The average length \bar{L}_{\phi(N)}(X) of code C_{\phi(N)}(X) for random variable X is given by:

\bar{L}_{\phi(N)}(X)=P(X<B)k + P(X\geqslant B)(k+1)

and B=2^k-b. If X is uniform on 0 \ldots N-1, we can rewrite the above equation as:

\bar{L}_{\phi(N)}(X)=\displaystyle\frac{(2^k-b)k+2b(k+1)}{2^k+b}

as, indeed, there are 2b codes of length k+1. After simplification, we get:

\bar{L}_{\phi(N)}(X)=k+\displaystyle\frac{2b}{2^k+b}

again provided that X is uniformly, identically, independently, distributed. So, now that we have an expression for the average length of the codes, we are interested to know what b must be to create the maximal difference between \bar{L}_{\phi(N)} and \lg N. So we want to find 0 \leqslant b < 2^k that maximizes:

\bar{L}_{\phi(N)}(X)-\lg N

since \bar{L}_{\phi(N)}(X) \geqslant \lg N, we do not need to use least mean squares, or something similar. Also, luckily for us, this function is concave in b, so it suffice to solve:

\displaystyle\frac{\partial}{\partial b}(\bar{L}_{\phi(N)}(X)-\lg N)=0

for b. After much agony, we find b=(2 \ln 2-1)2^k\approx 2^k 0.3862\ldots

Substituting b back into \bar{L}_{\phi(N)}(X)-\lg N, we find, finally,

\bar{L}_{\phi(N)}(X)-\lg N=\frac{1}{\ln 2}(\ln 2-\ln \ln 2-1)\approx0.0860713

Which concludes the demonstration.

The constant 0.0860713\ldots shows up quite often in proofs relating to code lengths, and, in particular, in the proof that Huffman codes are optimal, within a small constant.
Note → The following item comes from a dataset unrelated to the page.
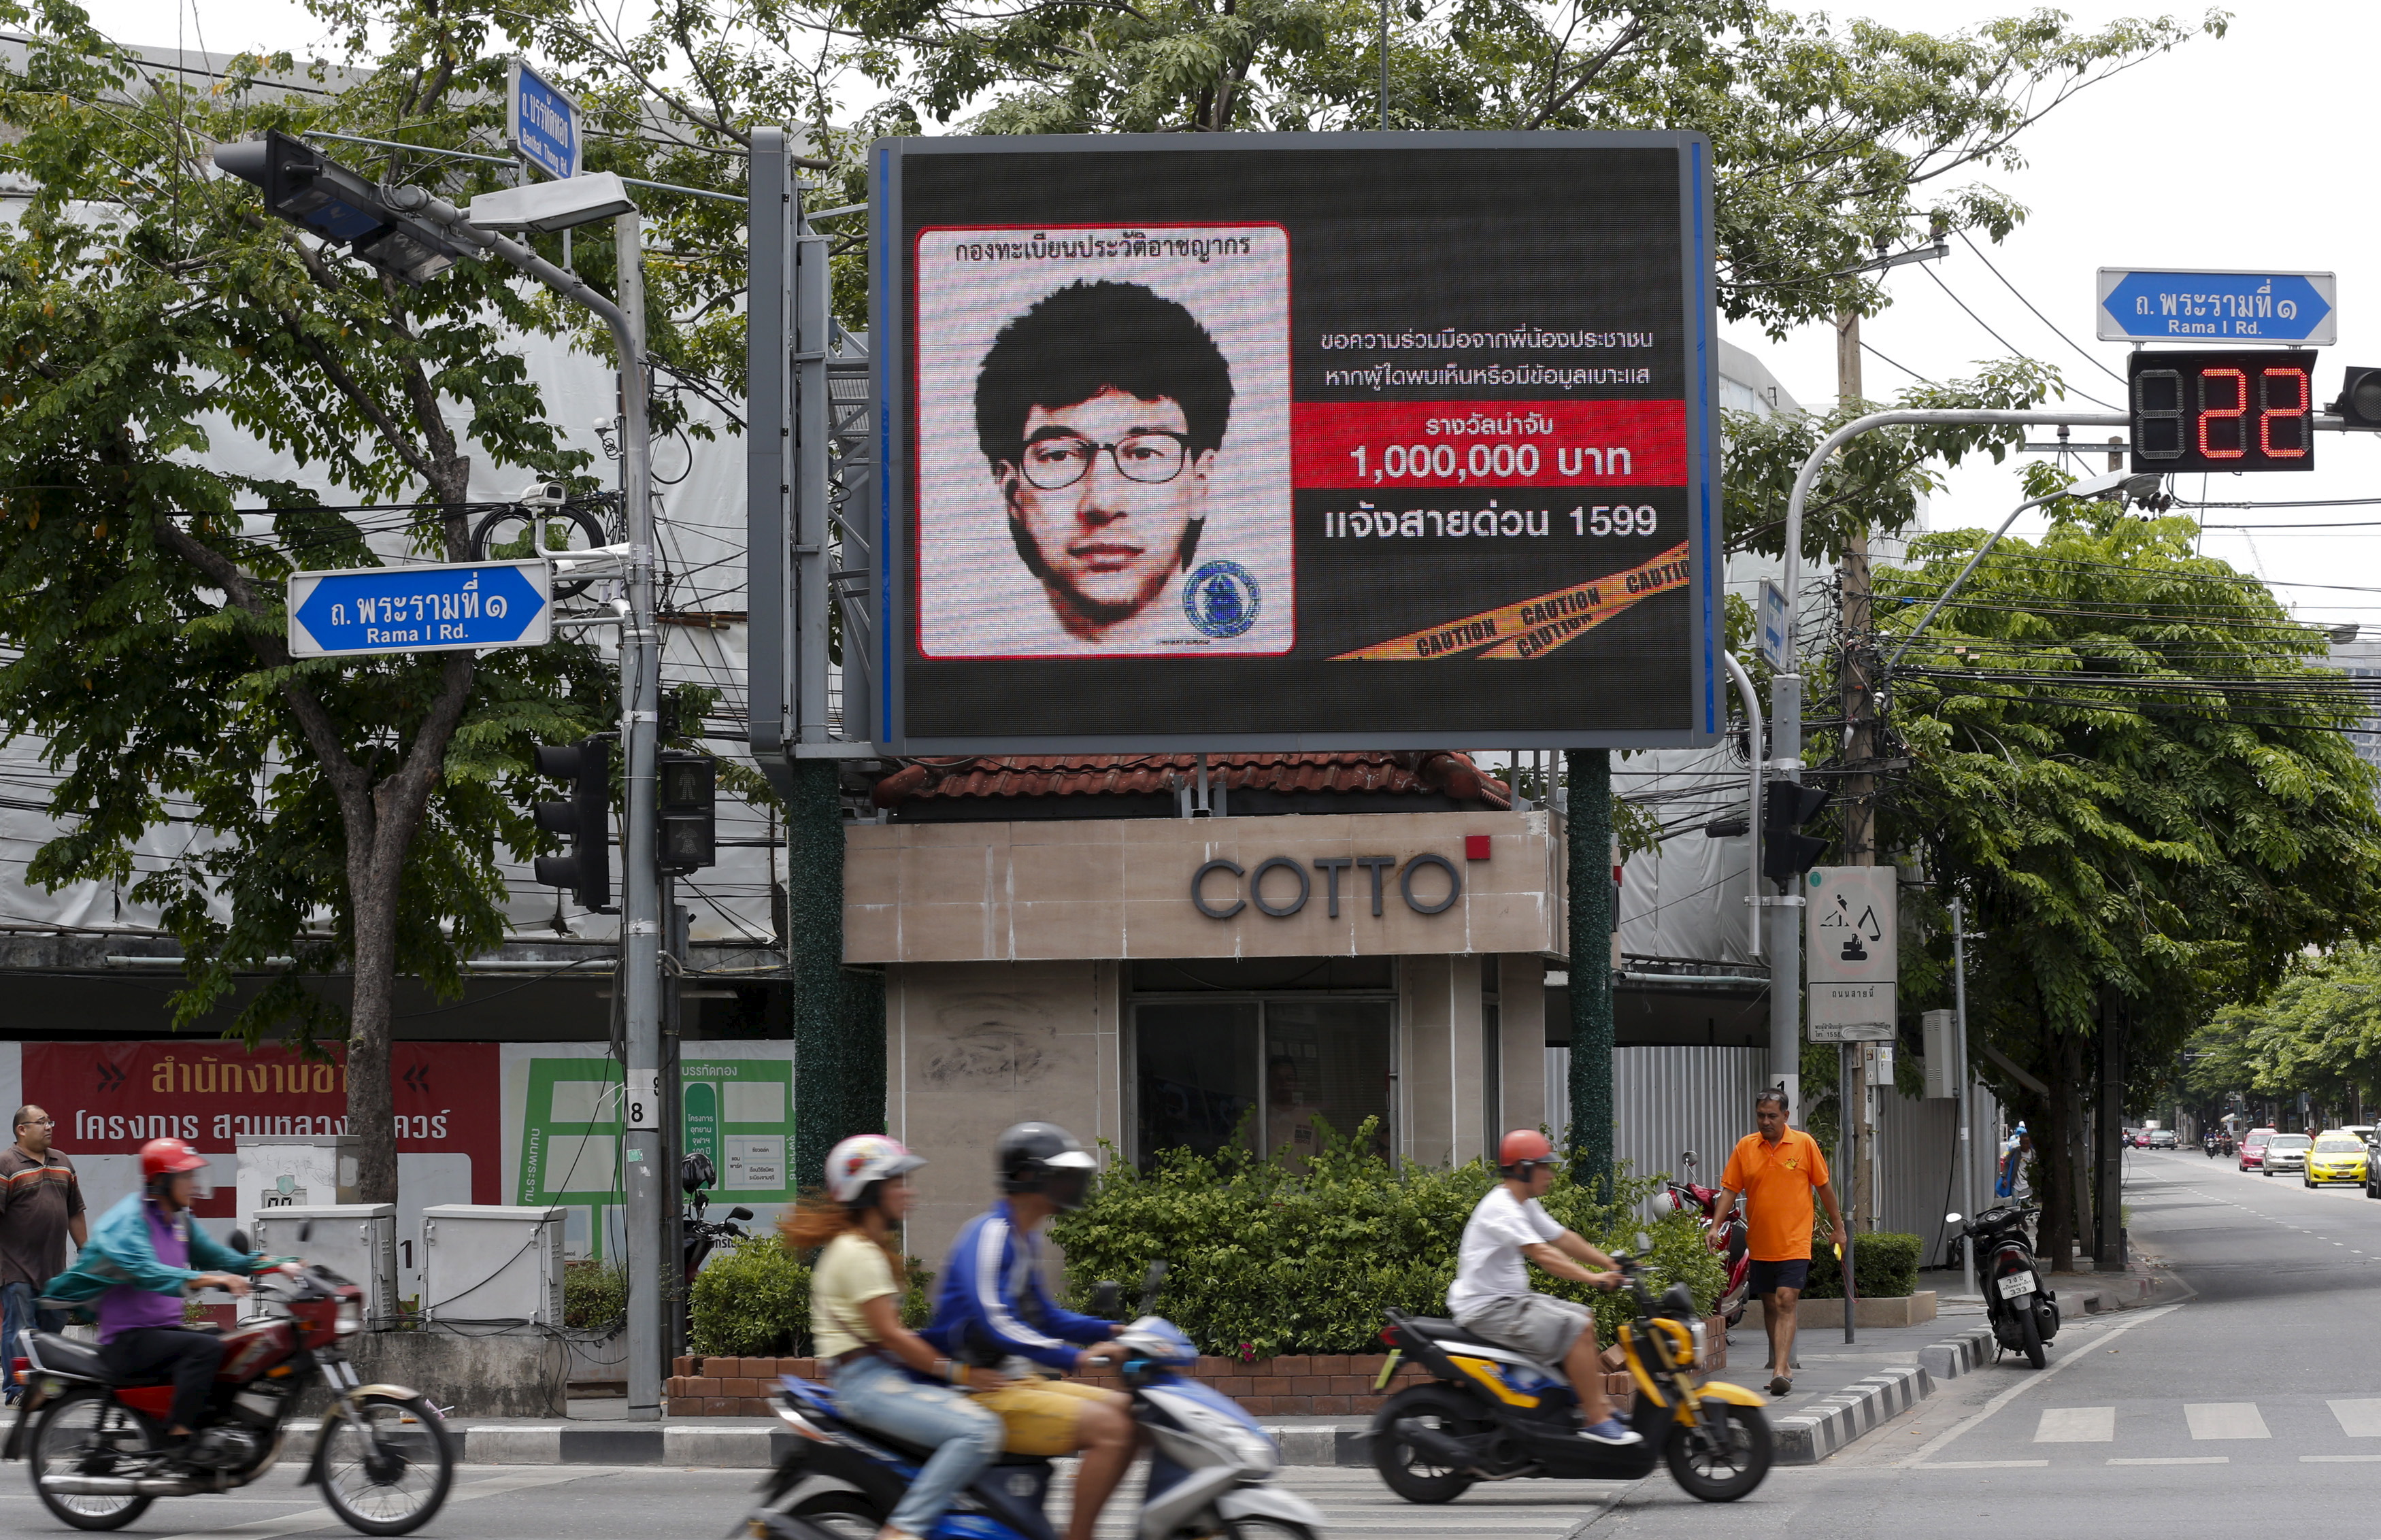 People ride their motorcycles past a digital billboard showing a sketch of the main suspect in Monday's attack on Erawan shrine, in Bangkok, Thailand

Upperbounded by 0.0860713... the excess average length of Phase-in Codes reaches a minimum when b=0

Upperbounded by 0.0860713... the excess average length of Phase-in Codes reaches a minimum when b=0


[1]Timothy C Bell, John G. Cleary, Ian H. Witten — Text Compression — Prentice-Hall (1990)

One Response to Length of Phase-in Codes

  1. […] Fortunately, we can “repair” the algorithm quite easily, and it’s another code that will come to our aid: Phase-In Codes, which have average code lengths close to (as I show here). […]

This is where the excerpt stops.